La conversion analytique

 

     Mais alors, si les quatre solutions proposées – l’objectiviste, l’historiciste, la cartésienne et l’herméneutique – sont toutes insuffisantes, qu’est-ce que la psychanalyse accomplit réellement? Et surtout, a-t-elle encore une persuasivité? Je crois que oui, à condition qu’elle se décide à revendiquer son tropisme vers le réel.

     La question cruciale est la suivante: existe-t-il une possibilité de contact avec le réel qui n’exclue pas a priori la démonstration scientifique, mais qui s’affirme indépendamment d’elle? Il ne s’agit pas de dire, sur un mode dogmatique, “la psychanalyse ne sera jamais l’objet d’une vérification scientifique” – aujourd’hui la science investit n’importe quoi, même nos états de conscience, aussi pourquoi ne devrait-elle pas chercher à faire objet de science même la psychanalyse? La question est plutôt de savoir en quel sens la psychanalyse, indépendamment des protocoles scientifiques, peut convaincre (les analystes d’abord) qu’elle nous fait toucher au réel.

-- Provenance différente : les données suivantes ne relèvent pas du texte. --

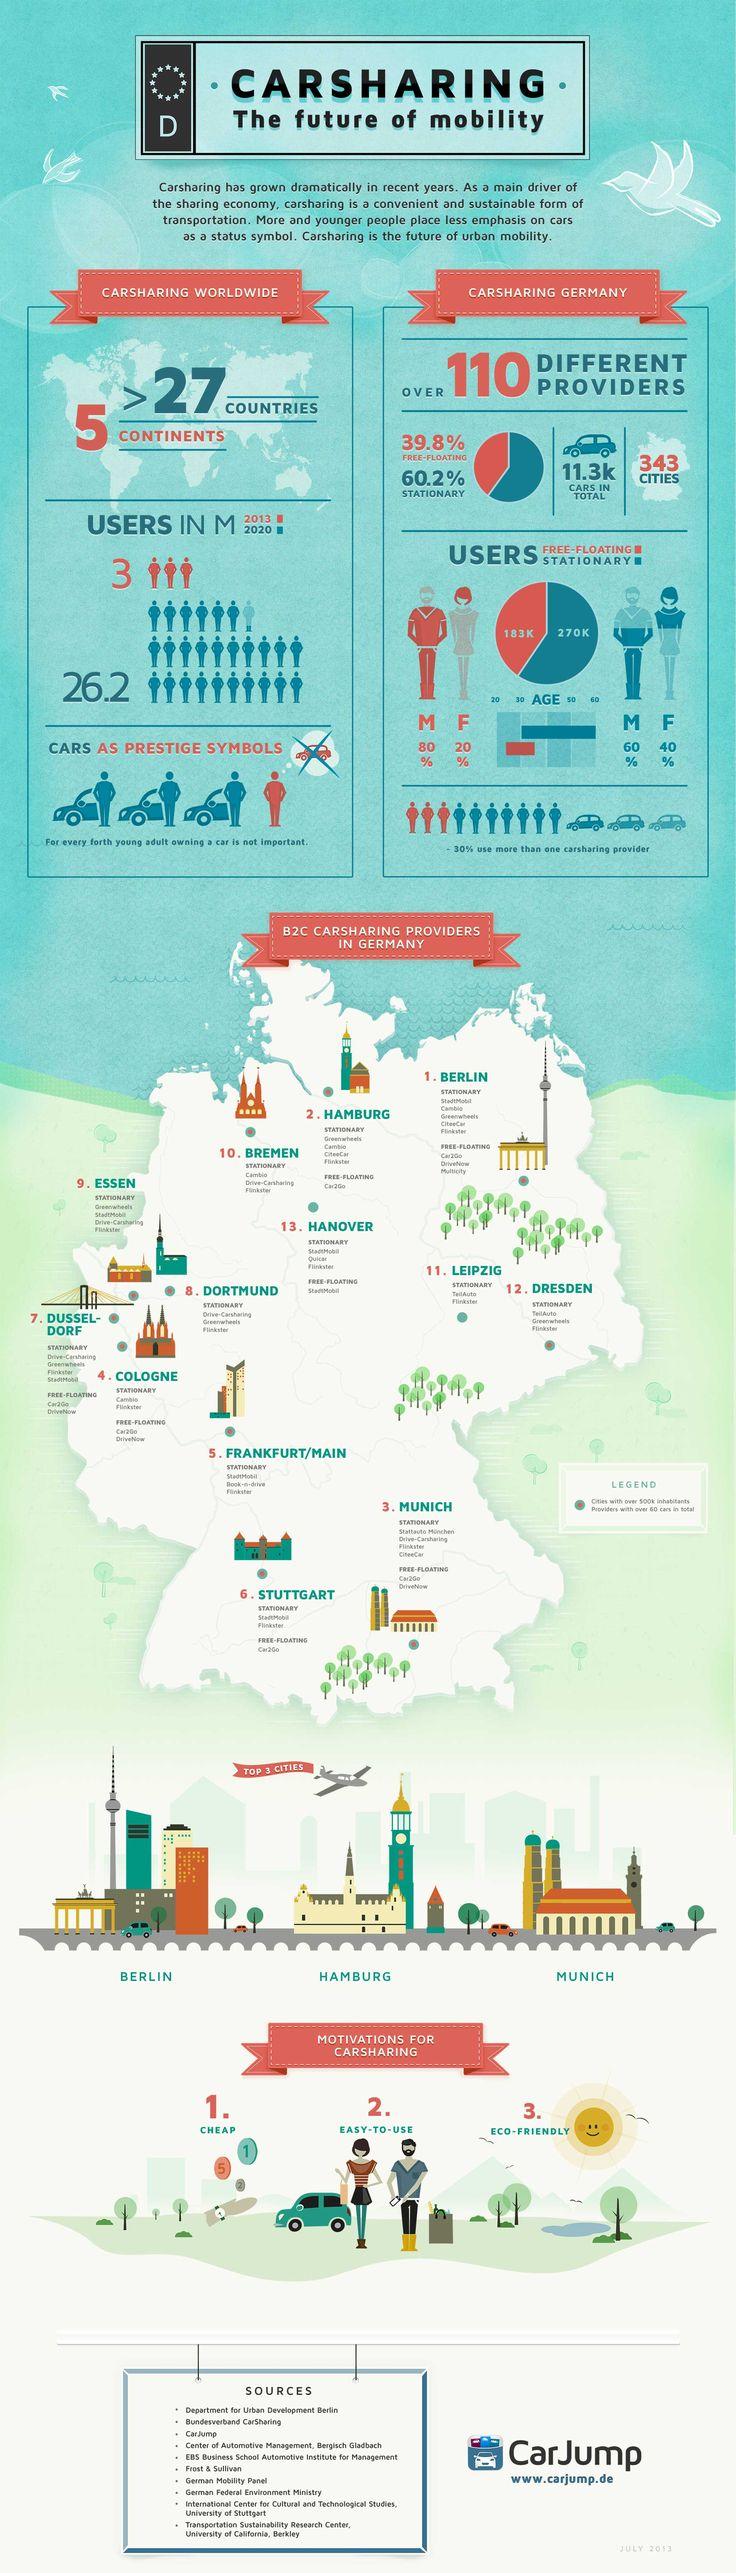 Carsharing-Infografik: Autos verschwinden als Status-Symbol #carsharing #infographic

     Une fois que nous ayons abandonné une conception herméneutique de la Vérité, la question ci-dessus devient fondamentale. Une approche herméneutique débouche en fait sur un nihilisme historiciste: toute conception qui s’affirme historiquement est vraie. Alors la psychanalyse serait valide dans la mesure où elle a un succès historique, un point c’est tout. Une fois qu’elle cesse de convaincre les gens d’une époque, elle cesse d’être vraie. La vérité herméneutique se résout dans un conformisme historiciste hegelien. Personnellement je cherche à dépasser le relativisme herméneutique non pas en revenant à l’objectivisme des méthodologies scientifiques, mais en cherchant un réalisme au-delà de l’objectivisme. Est-il possible avoir contact avec un réel sur lequel la science (pour l’instant) n’ait pas de prise? A cette question me semble être suspendu le destin de la psychanalyse.

 

     Prenons le livre du philologue Sebastiano Timpanaro qui vise à démonter la théorie freudienne des lapsus[20]: lorsque Freud tombe sur le jeune juif qui oublie le terme aliquis dans sa citation de Virgile[21], son interprétation de cette amnésie n’explique pas la cause du lapsus pour autant. En d’autres termes, Freud accomplit une pure performance herméneutique: il donne sens (ou des signifiants, si l’on préfère) à l’oubli – en le connectant aux soucis actuels du sujet – mais il ne démontre pas du tout que ce sens est aussi la cause de l’oubli. Comme Wittgenstein avant lui[22], Timpanaro montre que le fait d’associer des sens (ou des signifiants) à un lapsus n’équivaut pas ipso facto à l’avoir expliqué causalement. Ce qui est en cause est ce qu’on pourrait appeler “la preuve ontologique” de l’existence de l’inconscient donnée par Freud. Chez Freud il ne s’agit pas, comme chez Anselme de Canterbury, de démontrer l'existence de Dieu à partir d'une pensée de perfection, mais de démontrer que le sens d'un texte coïncide avec la cause de ce texte. Mais, comme Anselme, Freud tombe sous une critique de style kantien.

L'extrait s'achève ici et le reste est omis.